[Exercise requirements]
Below are records with pictures in them. Transcribe everything from the line containing "Nescafe Dolce Gusto" down to the line containing "PS-46 Grün-Violett schillernd", exactly, and leave the pictures behind.

[Data listing]
:::

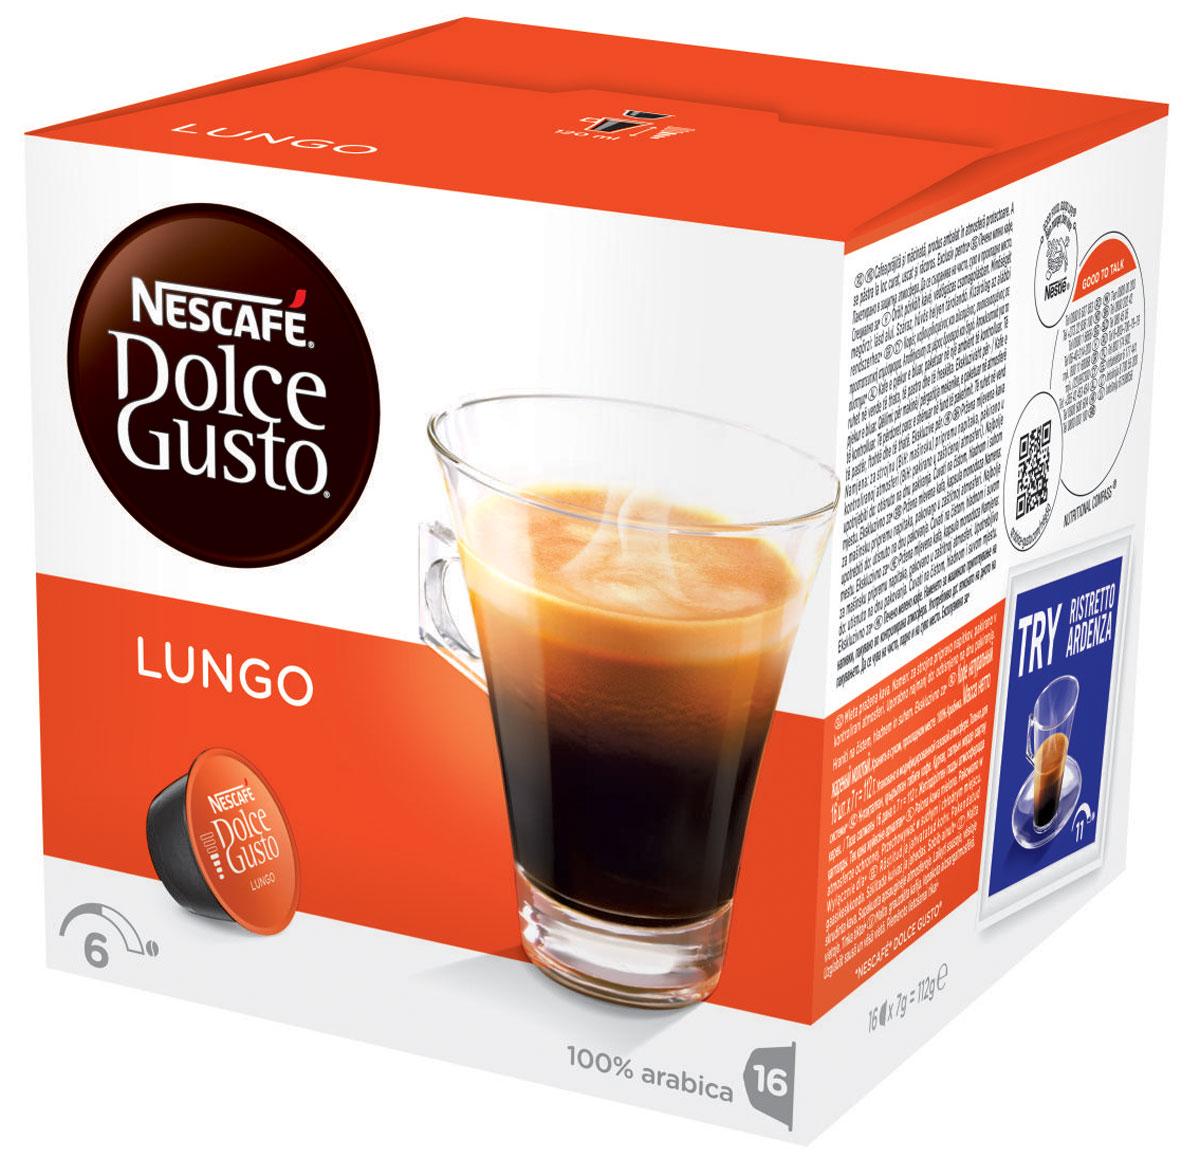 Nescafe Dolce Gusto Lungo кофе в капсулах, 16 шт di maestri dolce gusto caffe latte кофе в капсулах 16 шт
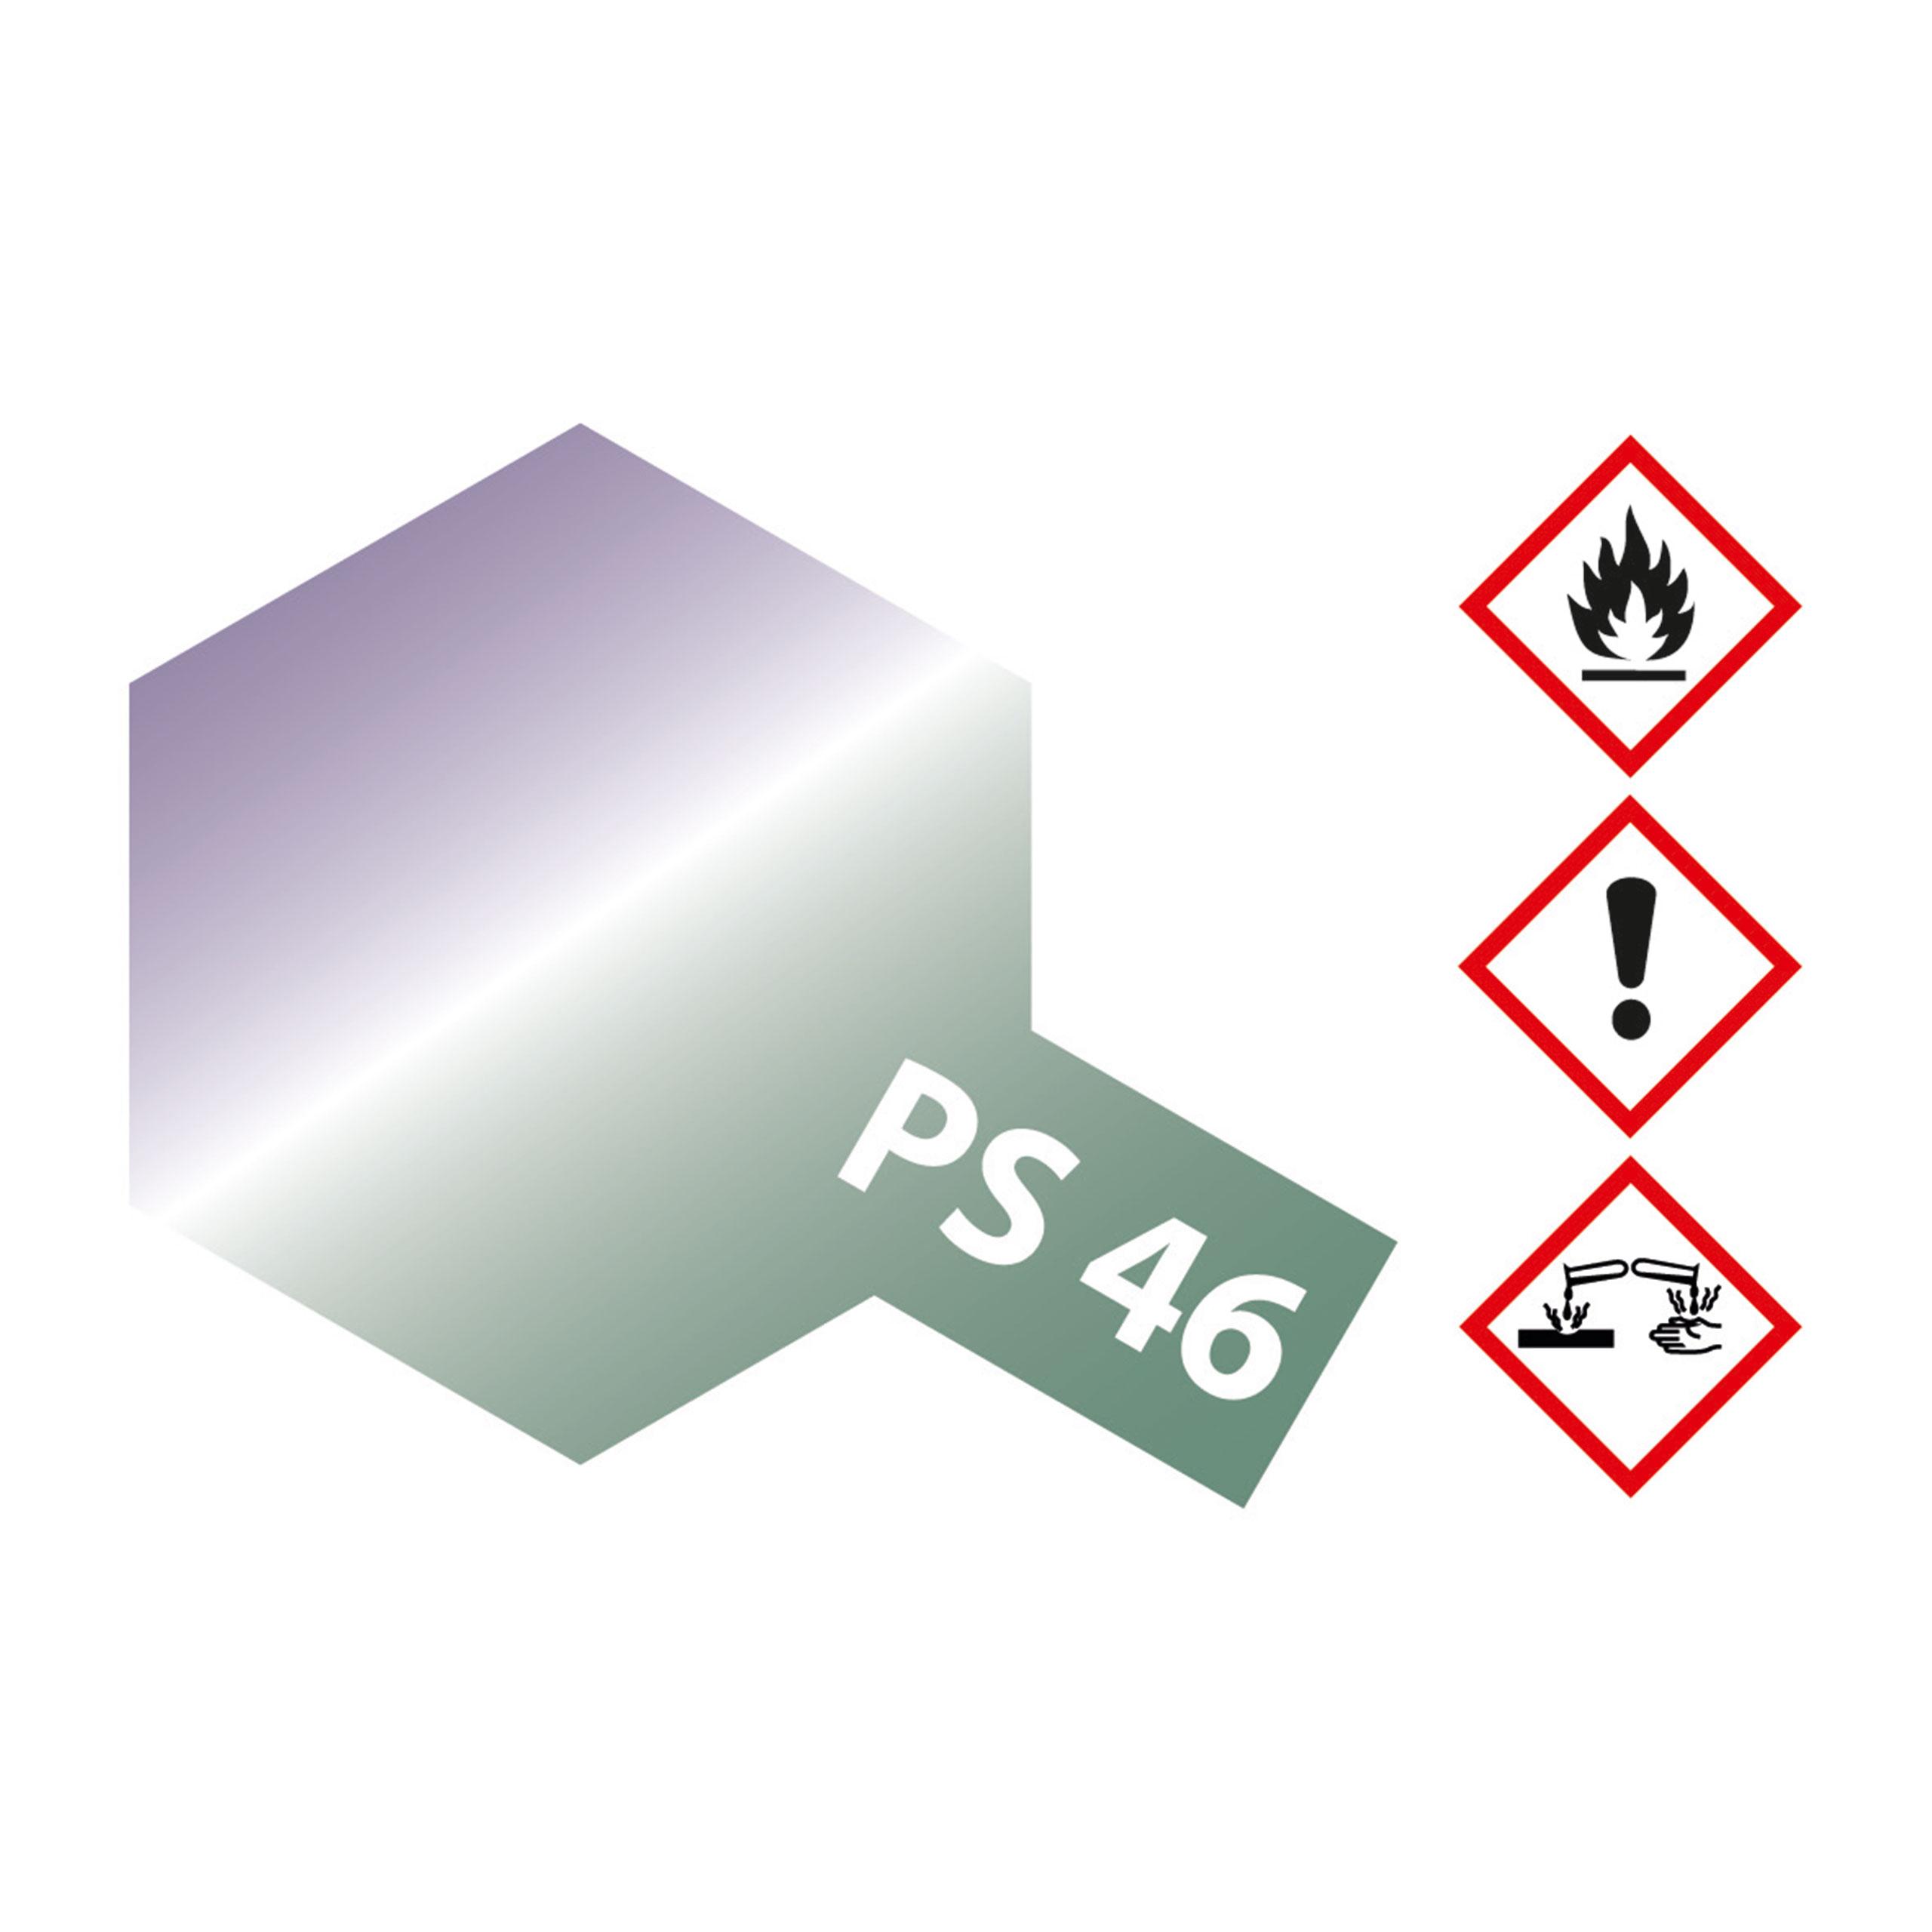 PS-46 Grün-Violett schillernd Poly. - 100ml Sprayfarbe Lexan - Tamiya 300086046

:::

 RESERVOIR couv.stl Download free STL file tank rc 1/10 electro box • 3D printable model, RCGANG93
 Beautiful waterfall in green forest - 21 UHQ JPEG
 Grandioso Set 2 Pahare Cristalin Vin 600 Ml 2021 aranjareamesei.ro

:::

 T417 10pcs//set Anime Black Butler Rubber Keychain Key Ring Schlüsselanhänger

:::

[Answer to the problem]
 Nescafe Dolce Gusto Lungo кофе в капсулах, 16 шт di maestri dolce gusto caffe latte кофе в капсулах 16 шт
 PS-46 Grün-Violett schillernd Poly. - 100ml Sprayfarbe Lexan - Tamiya 300086046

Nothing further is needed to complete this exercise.